Member of the Texas Senate from the 29th district
- In office January 9, 1973 – January 8, 1991
- Preceded by: Joe Christie
- Succeeded by: Peggy Rosson

Member of the Texas House of Representatives from district 67-1
- In office January 10, 1967 – January 9, 1973
- Preceded by: District created
- Succeeded by: District abolished

Personal details
- Born: Humberto Tati Santiesteban November 3, 1934 El Paso, Texas, U.S.
- Died: October 29, 2020 (aged 85) El Paso, Texas, U.S.
- Party: Democratic

= H. Tati Santiesteban =

American Democratic politician (1934–2020)

Humberto Tati Santiesteban (November 3, 1934 – October 29, 2020) was an American politician from Texas.

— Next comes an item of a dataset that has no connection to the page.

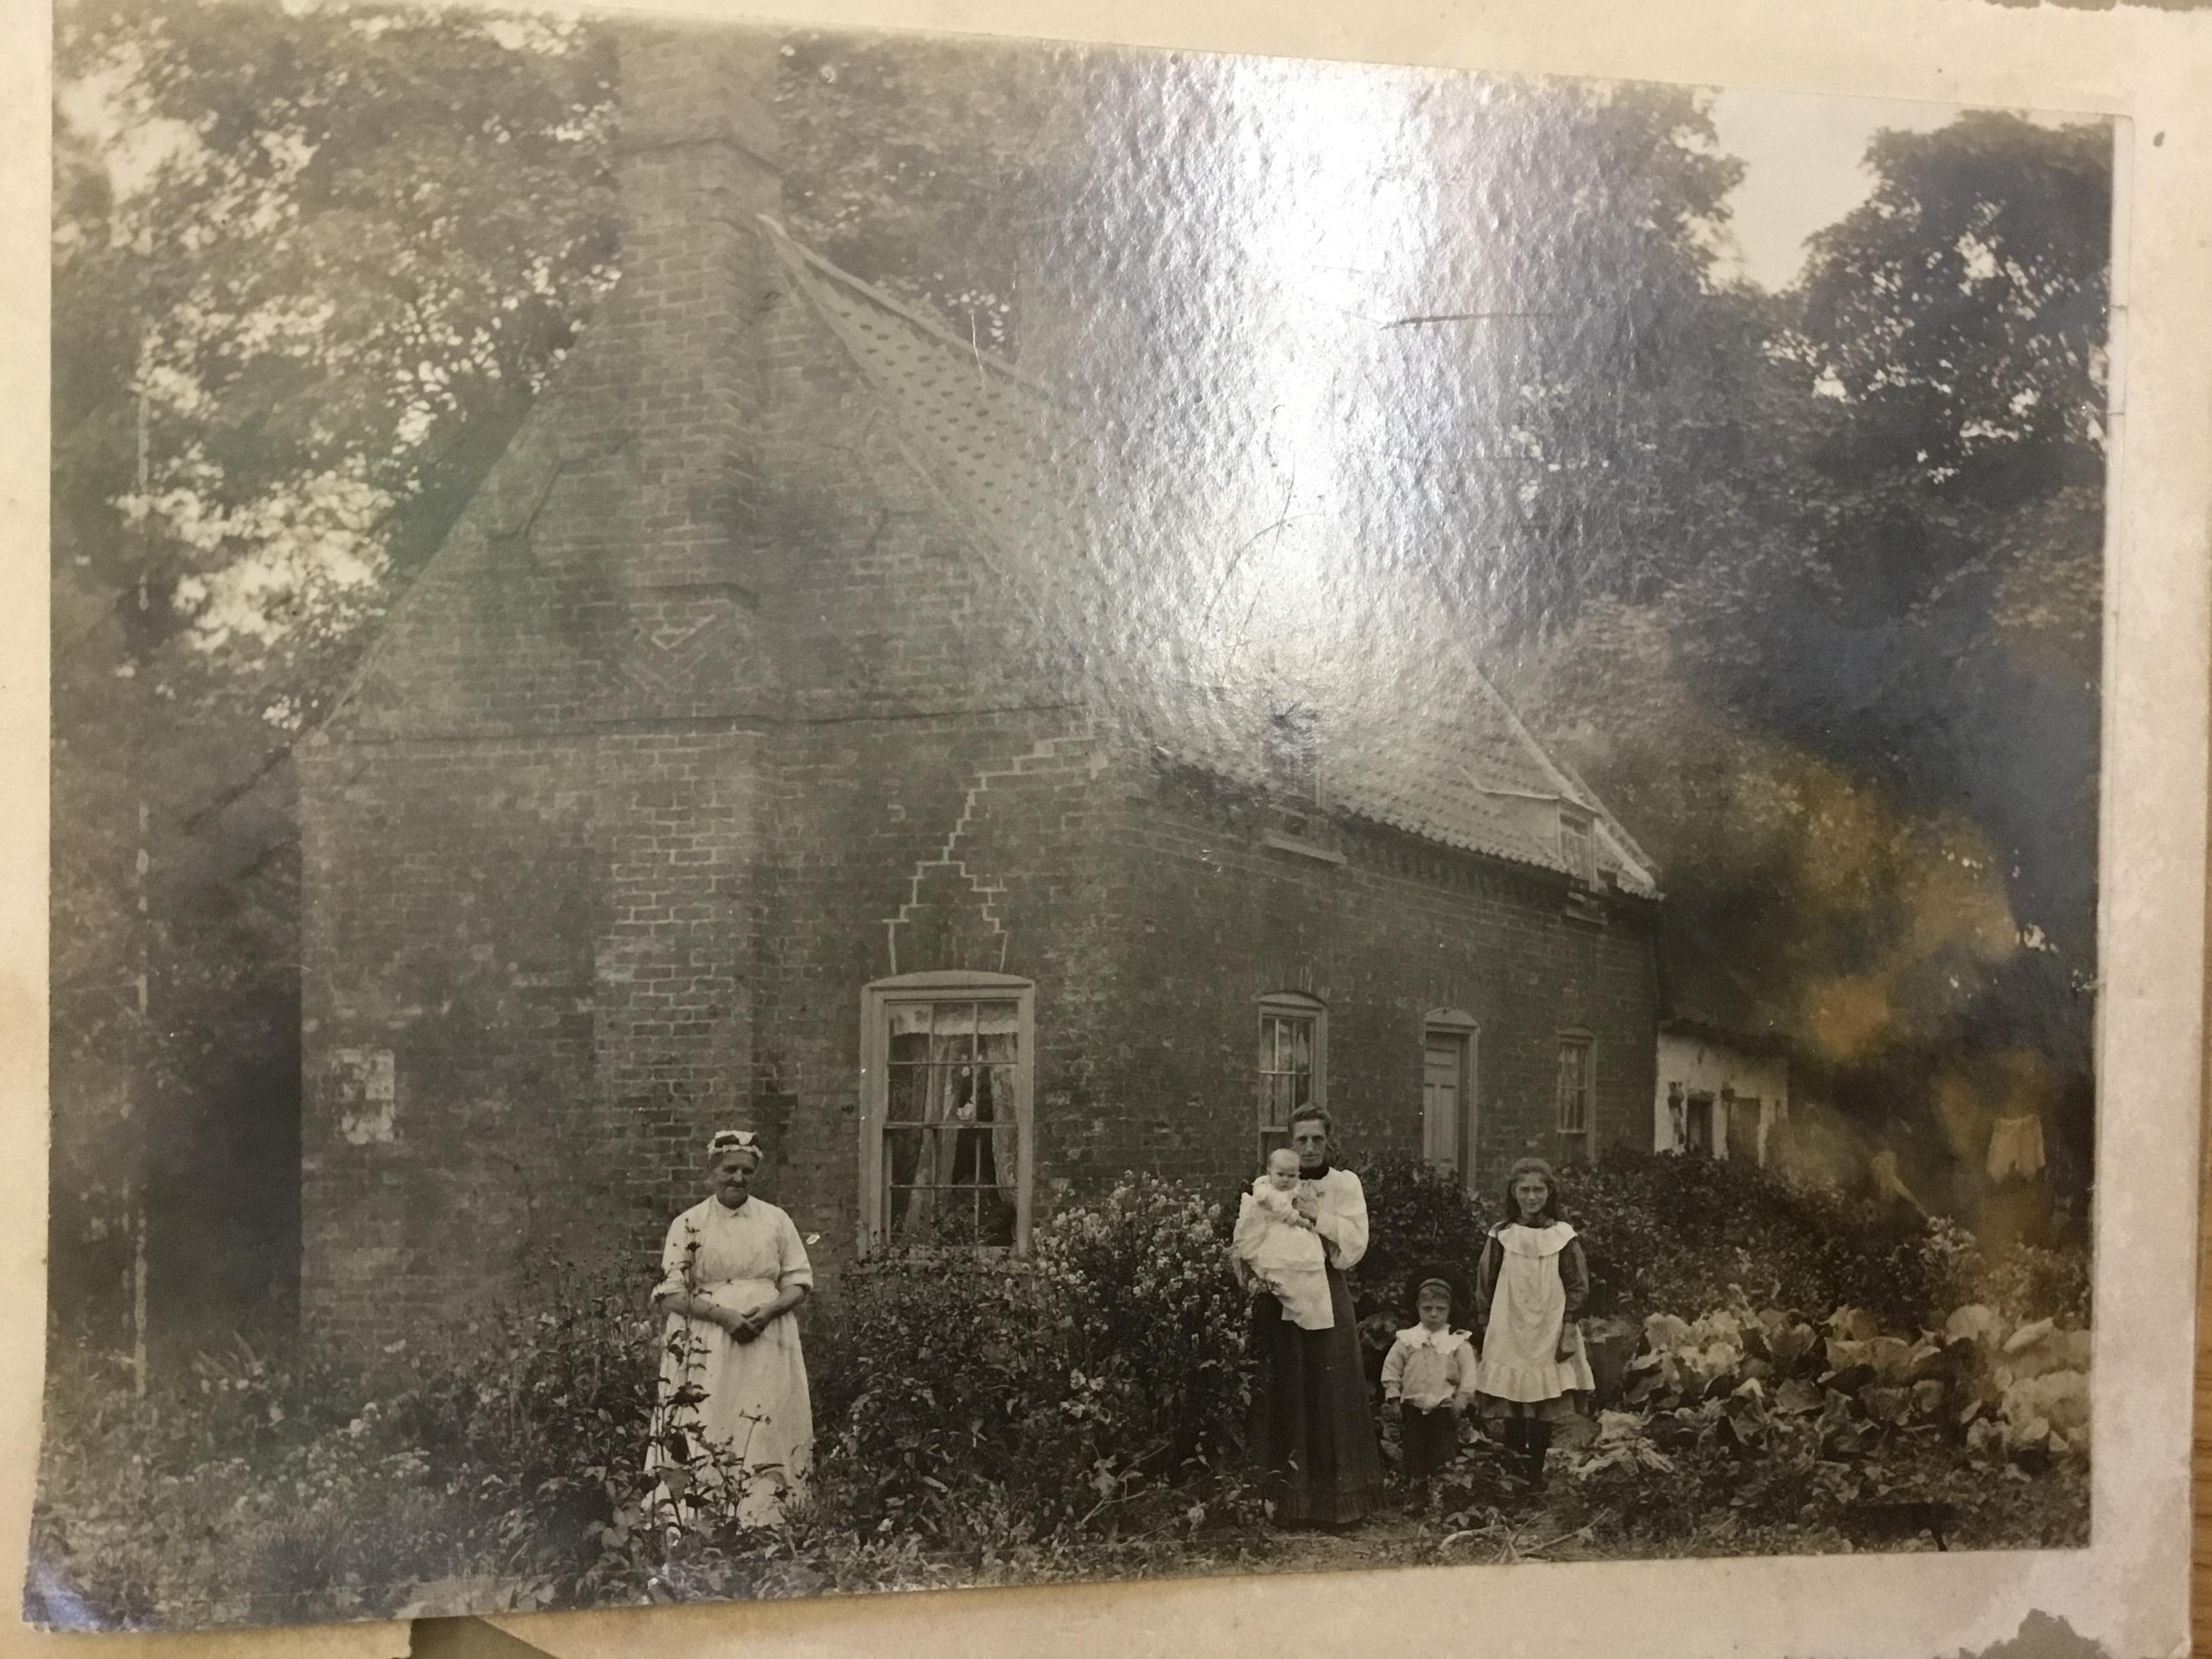 Residents outside their house in East Keal, probably Victorian times

==Early life and education==
Santiesteban was born in El Paso, Texas, and went to New Mexico Military Institute. He served in the United States Army and was commissioned a first lieutenant. He attended the University of Texas School of Law.

==Career==
Santiesteban practiced law in El Paso. He served in the Texas House of Representatives from district 67-1 from 1967 to 1973 and in the Texas Senate from the 29th district from 1973 to 1991, when he was defeated in the Democratic primary in a bid for reelection to an additional term.

==Death==
Santiesteban died from COVID-19 in El Paso, on October 29, 2020, at age 85, during the COVID-19 pandemic in Texas.